To turn to a more cheerful subject. Murdough Blake had grown up, as he had promised to do, into a tall, active, lissom young fellow. In his archaic clothes of yellowish flannel, spun, woven, bleached, made upon the island, in the cow’s skin pampooties which give every Aranite his peculiarly shuffling and at the same time swinging step, he ought to have rejoiced the inmost heart of a painter, had a painter ever thought of going to the Aran isles in search of subjects, a ridiculous supposition, for who would dream of doing so? He was anything but satisfied, however, with his own clothes, his own standing, his own prospects in life, or, for that matter, with anything else about him, excepting with young Murdough Blake himself, who was clearly too exceptional a person to be wasted upon such a spot as Inishmaan.

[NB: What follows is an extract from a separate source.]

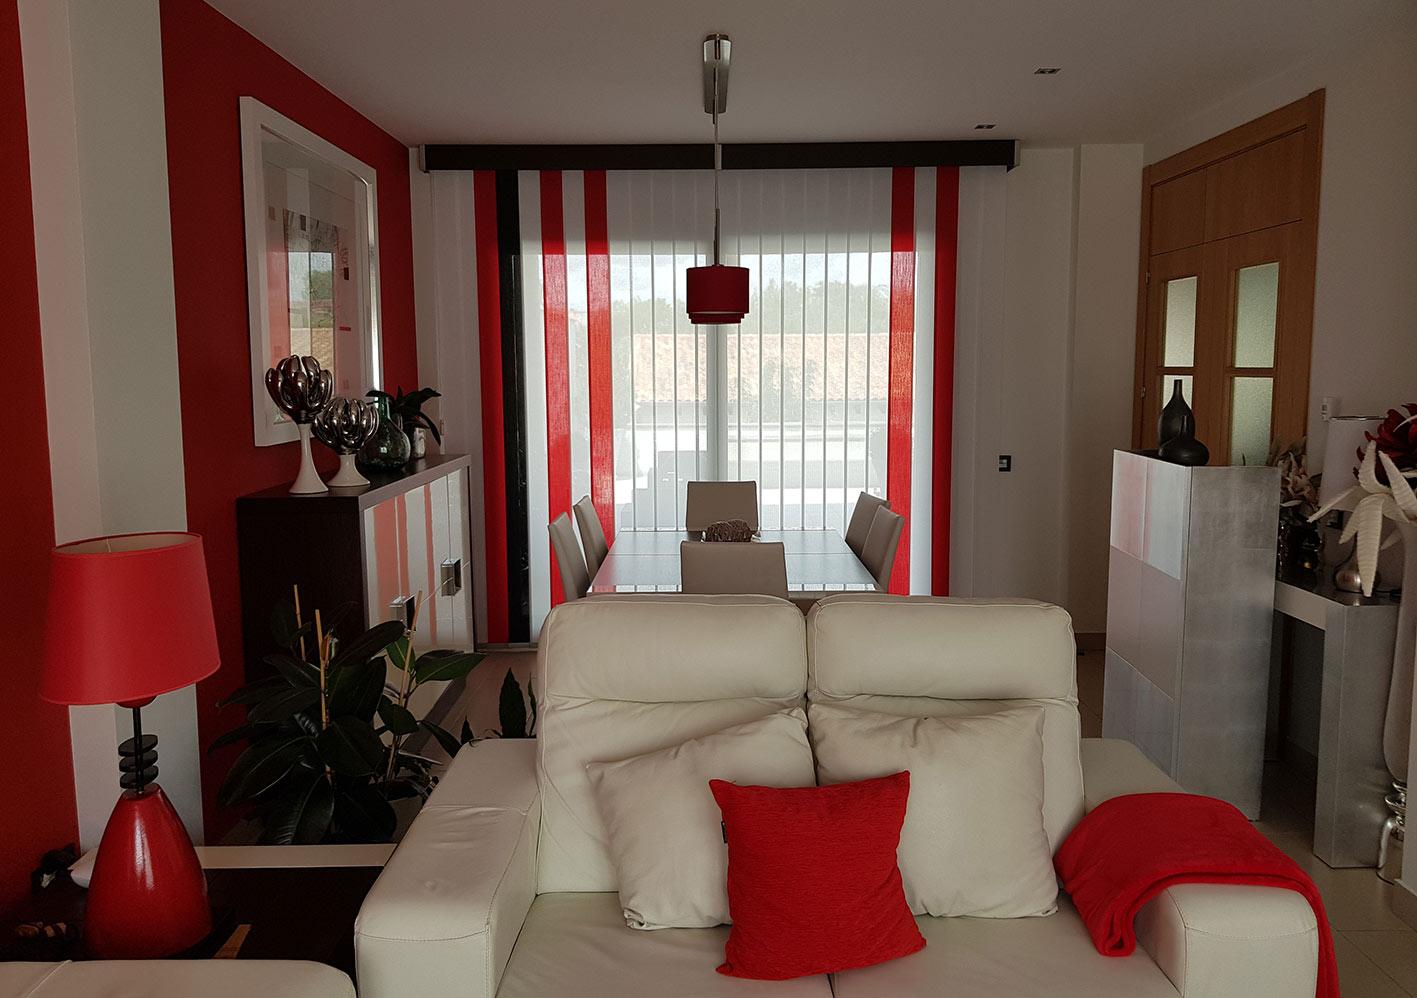 Salón decorado con cortinas verticales combinadas y galería decorativa.

A quarter of a century ago no golden political era for promising young Irishmen of his class had yet dawned, and, even if it had done so, the Aran isles are rather remote for recruits to be sought for there, especially recruits who are innocent of any tongue except their own fine, old useless one. There was, consequently, nothing for Murdough to do except to follow in the old track, the same track that his father and grandfather had followed before him—namely, fish a little, farm a little, rear a little cattle for the mainland, marry and bring up a ‘long’ family like his neighbours, unless he was prepared to make a bold start for the land of promise on the other side of the Atlantic—a revolutionary measure for which, despite his many dissatisfactions, he lacked, probably, the necessary courage.